A retrospective clinical analysis of 5 cases of vaginal melanoma
- Authors:
- Published online on: February 6, 2017 https://doi.org/10.3892/mco.2017.1158
- Pages: 373-376
Abstract
Introduction
Vaginal melanoma is a rare tumor that accounts for <1% of all melanomas and ~5% of all vaginal malignant tumors (1–4). The etiology of vaginal melanoma remains unknown at present as, given its location, ultraviolet radiation is unlikely to be involved in the tumorigenic process.
The prognosis of vaginal melanoma is extremely poor, with a 5-year overall survival (OS) rate of only ~18%, which is significantly lower compared with that of vulvar melanoma (47%) and cutaneous melanoma (81%) (5). The occult nature of the anatomical location contributes to the late presentation and late diagnosis. In addition, the diffuse lymphatic vascular plexus in the vagina promotes early metastasis of vaginal melanoma.

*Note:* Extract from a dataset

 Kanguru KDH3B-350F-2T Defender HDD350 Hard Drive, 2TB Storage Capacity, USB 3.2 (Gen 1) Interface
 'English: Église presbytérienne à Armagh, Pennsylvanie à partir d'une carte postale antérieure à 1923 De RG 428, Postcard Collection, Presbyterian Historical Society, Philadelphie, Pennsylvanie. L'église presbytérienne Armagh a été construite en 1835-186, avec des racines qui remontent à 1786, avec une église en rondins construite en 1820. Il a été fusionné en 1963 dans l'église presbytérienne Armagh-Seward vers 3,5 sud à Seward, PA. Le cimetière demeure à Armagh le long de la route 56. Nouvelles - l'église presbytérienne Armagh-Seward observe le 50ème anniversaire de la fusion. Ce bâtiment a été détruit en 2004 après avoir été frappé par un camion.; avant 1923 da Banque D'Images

There are currently no established guidelines for the treatment of vaginal melanoma due to its rarity; therefore, physicians may find deciding on the treatment method challenging. Complete resection may be difficult due to its anatomical location, and vaginal melanoma is often resistant to chemotherapy and radiotherapy (6). We herein present a retrospective clinical analysis of 5 cases of vaginal melanoma.
Patients and methods
Patients
A total of 5 patients with vaginal melanoma, treated at the Department of Gynecology of Osaka City University Hospital (Osaka, Japan) between October, 2000 and April, 2014, were investigated. This is a retrospective study of the patient characteristics and treatment outcomes. Ethics approval and written informed consent have been obtained. A staging system of vaginal melanoma has not been fully established to date; thus, the International Federation of Gynecology classification for vaginal cancer (7) was used to determine disease stage. In all 5 patients, the diagnosis of malignant melanoma was histologically confirmed, and staging was based on pelvic examination, computed tomography and magnetic resonance imaging.

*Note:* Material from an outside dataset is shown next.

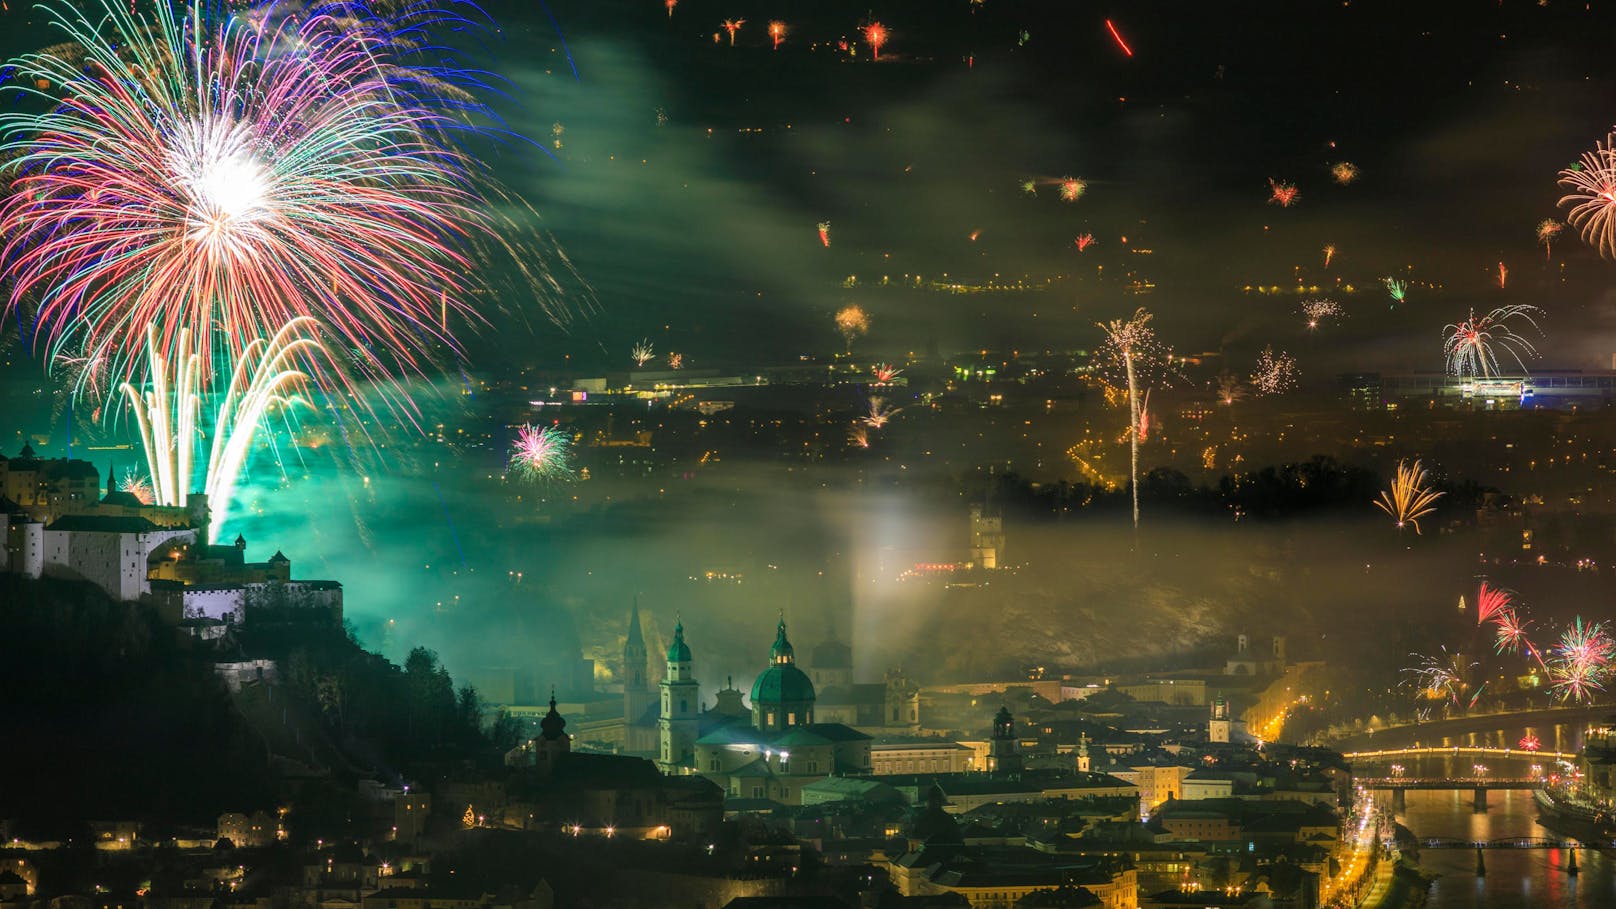 In der Stadt Salzburg fand das einzige offizielle Feuerwerk statt. In Wien war es verboten.

The patients' medical records were consulted for information on patient characteristics, treatment, histological findings, presence of recurrence, site of recurrence, treatment for recurrence, OS and disease-free survival (DFS).
Results
Patient characteristics
The characteristics of the 5 cases are summarized in Tables I and II. All the cases presented with abnormal genital bleeding as the main complaint. Notably, in 3 of the 5 cases, the tumors appeared as non-pigmented polyps. In all 5 cases, local resection was performed as primary treatment.
Treatment and recurrence
All 5 cases recurred within 1 year. The site of recurrence varied and included the vaginal wall, liver, brain and lung. Treatment for recurrence was as follows: An extended hysterectomy was performed in case 1, which recurred in the uterine cervix; X-Knife radiosurgery was used in case 3 for a brain metastasis; local resection was performed in case 5 for a recurrence in the vagina, and dacarbazine and nivolumab [an anti-programmed cell death protein-1 (PD-1) antibody] were administered to treat the second recurrence in the vagina and the multiple lung metastases; in case 2, nivolumab was administered for a liver metastasis; and in case 4, the patient declined additional treatment for the recurrence.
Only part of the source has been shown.